Abstract:
Nowadays, a large amount of digital data is generated from everywhere, every
second of the day. One of the challenges is the volume of generated data with high
dimensionality. Most of traditional machine learning algorithms are not good in training
time and classification result to find hidden insights from these high dimensional data.
Backpropagation Neural Network, one of the most popular Artificial Neural Networks,
is widely used in many classification applications. To reduce the data dimension,
feature selection is needed to consider. MapReduce is a software framework for writing
applications which are run on Hadoop that supports rapid computation and processing
of Big Data.
First, the data preprocessing is performed by substituting missing values. And
then, the dimension of data is reduced using Chi-square feature selection method. After
that, Backpropagation Neural Network with MapReduce paradigm is used for
classification. For this MapReduce-based Neural Network classifier, it is constructed
using one and two hidden layers. The outputs of the proposed system are the
performance measures which involve the training time, accuracy and number of
selected features. The experiments have made with feature selection and without feature
selection.

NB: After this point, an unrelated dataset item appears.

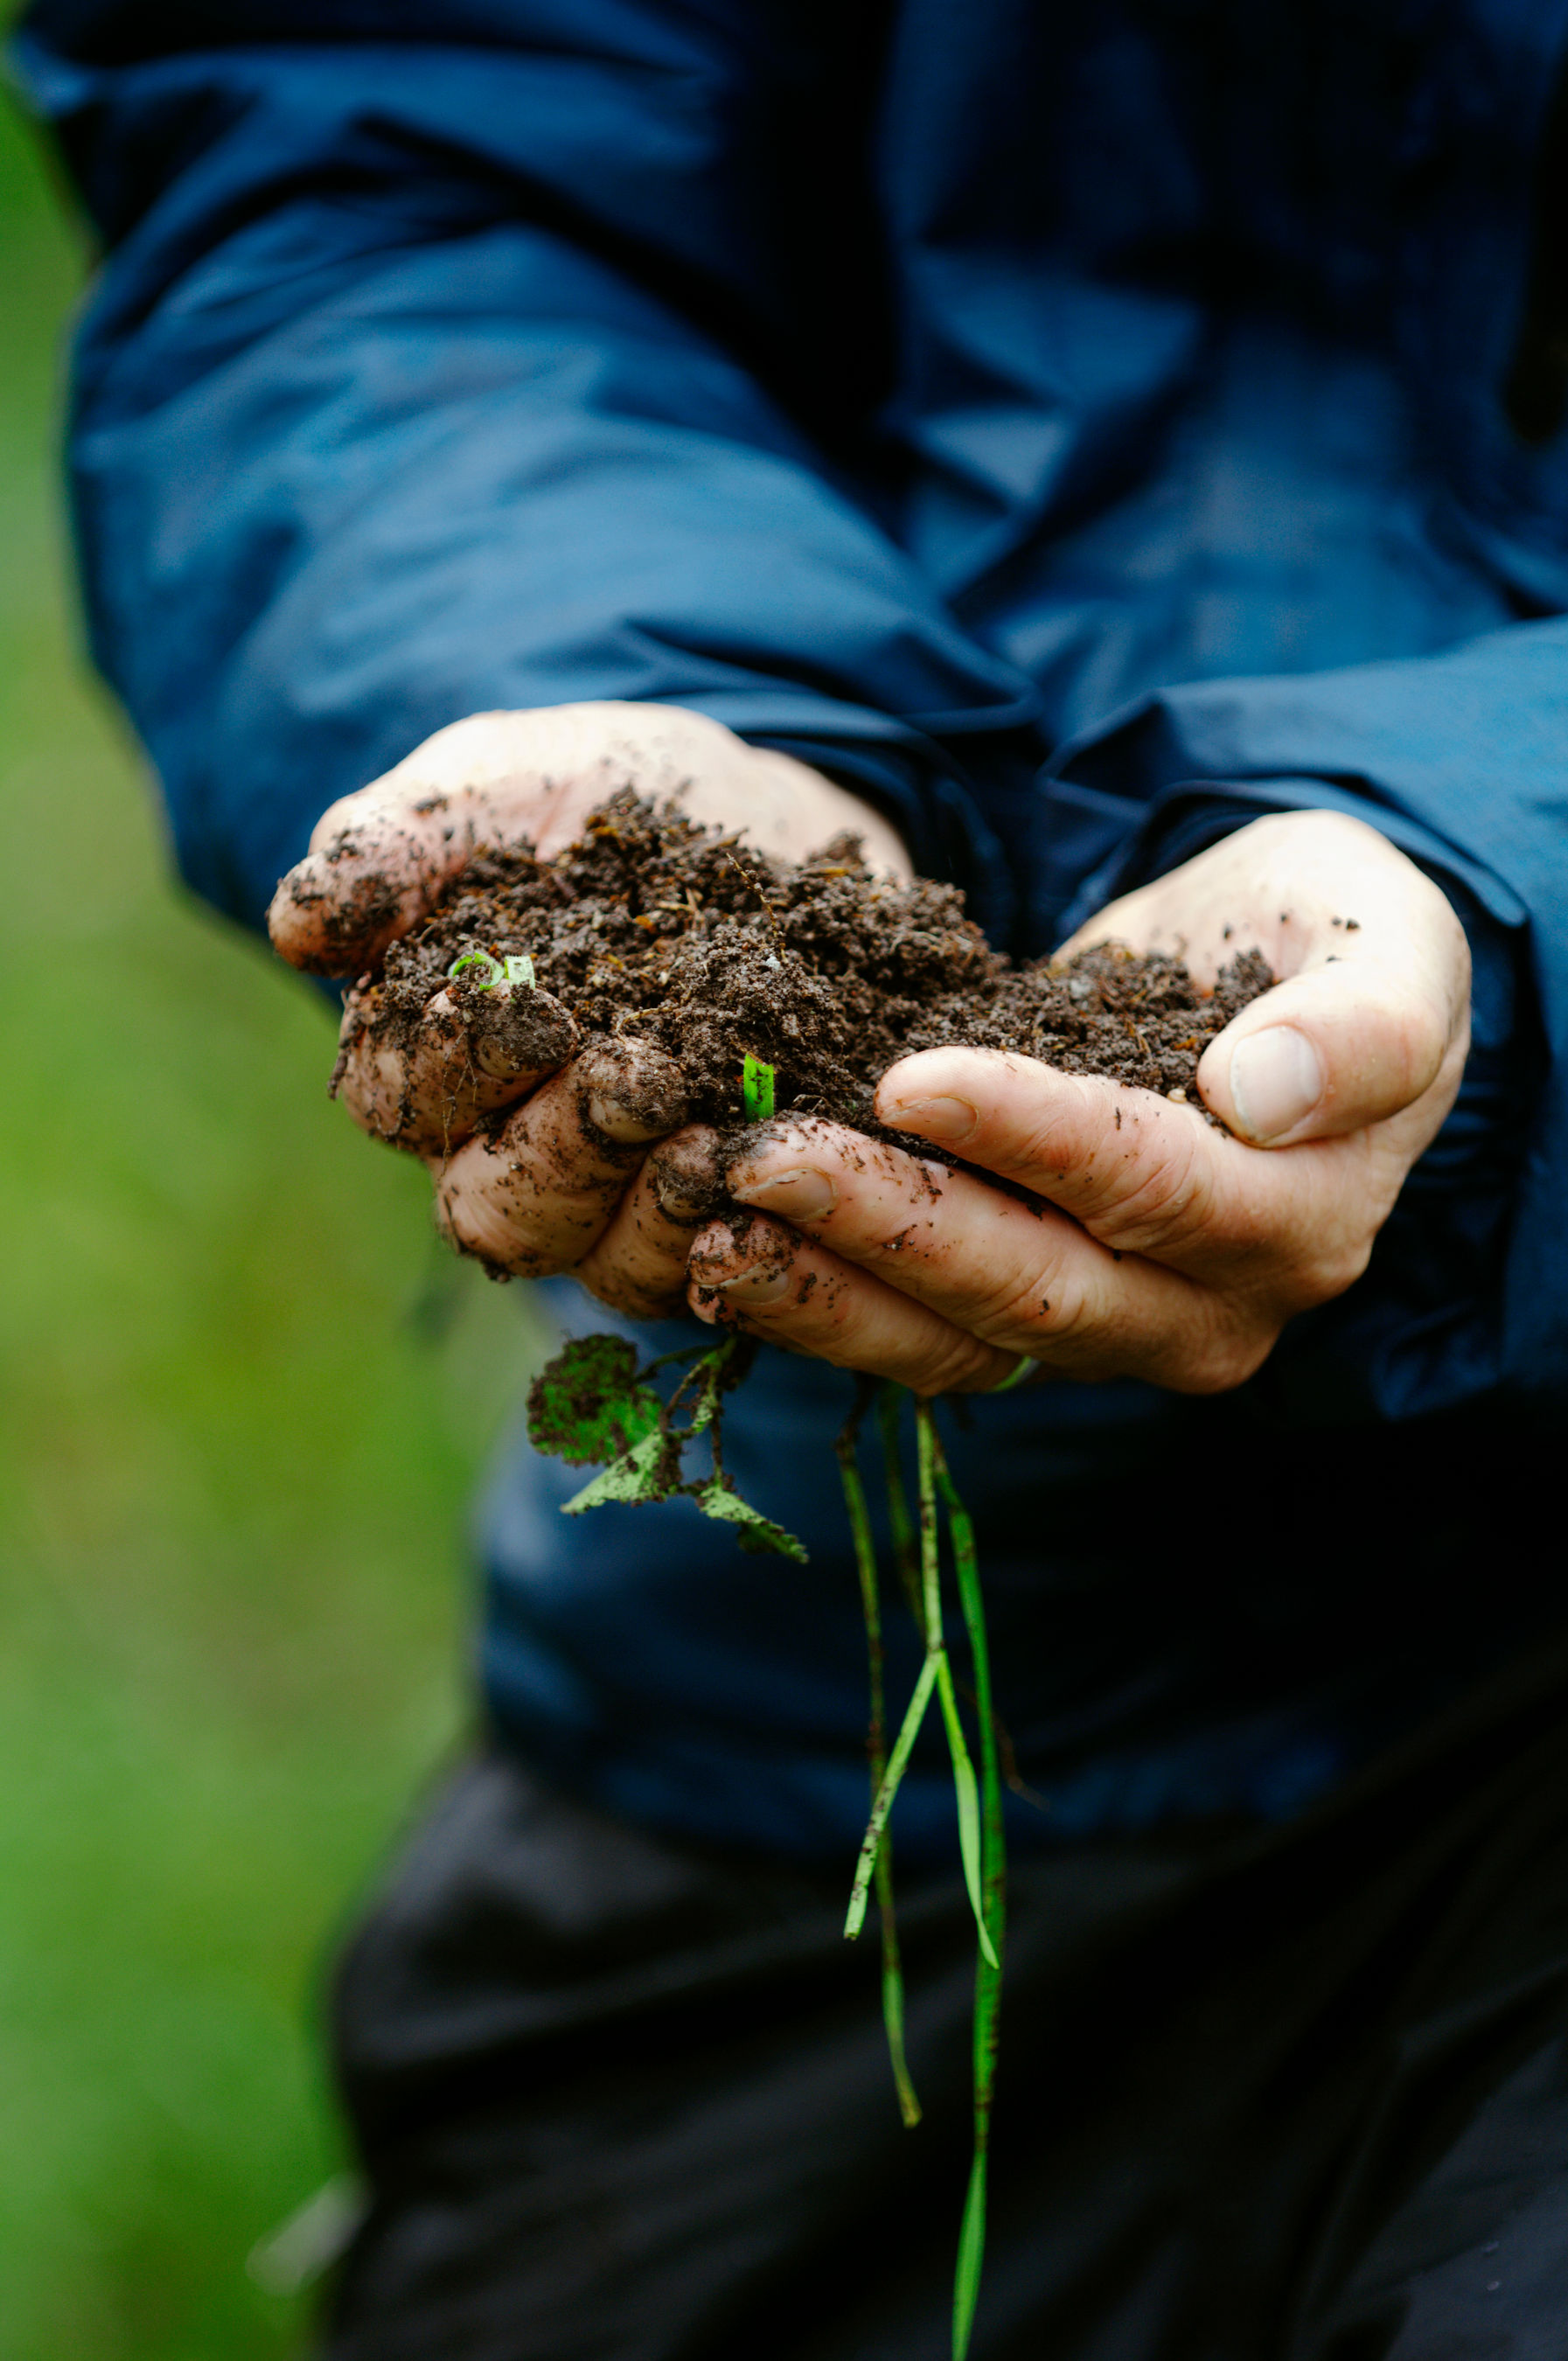 The changes we make at the roots of our supply chain will deliver the greatest impact – by reducing emissions, improving water quality, sequestering carbon, and building up the resilience of our soils for the next generation

Then, the results are compared with the results obtained from WEKA tool
and Conventional Backpropagation Neural Network. Six different datasets (Thyroid
Disease Diagnosis, Diabetics Diagnosis, Insurance Classification, Intrusion Detection,
Customer Churn Prediction and Human Activity Recognition) are used as case study.
Based on the experimental results, the MapReduce-based Neural Network algorithm
gives the superior efficiency in training time faster than the WEKA tool in large dataset.
And it is also found that feature selection can retain a suitably accuracy in representing
the original features by selection a minimal feature subset from a problem domain. The
proposed system is implemented by Java programming language on Linux platform.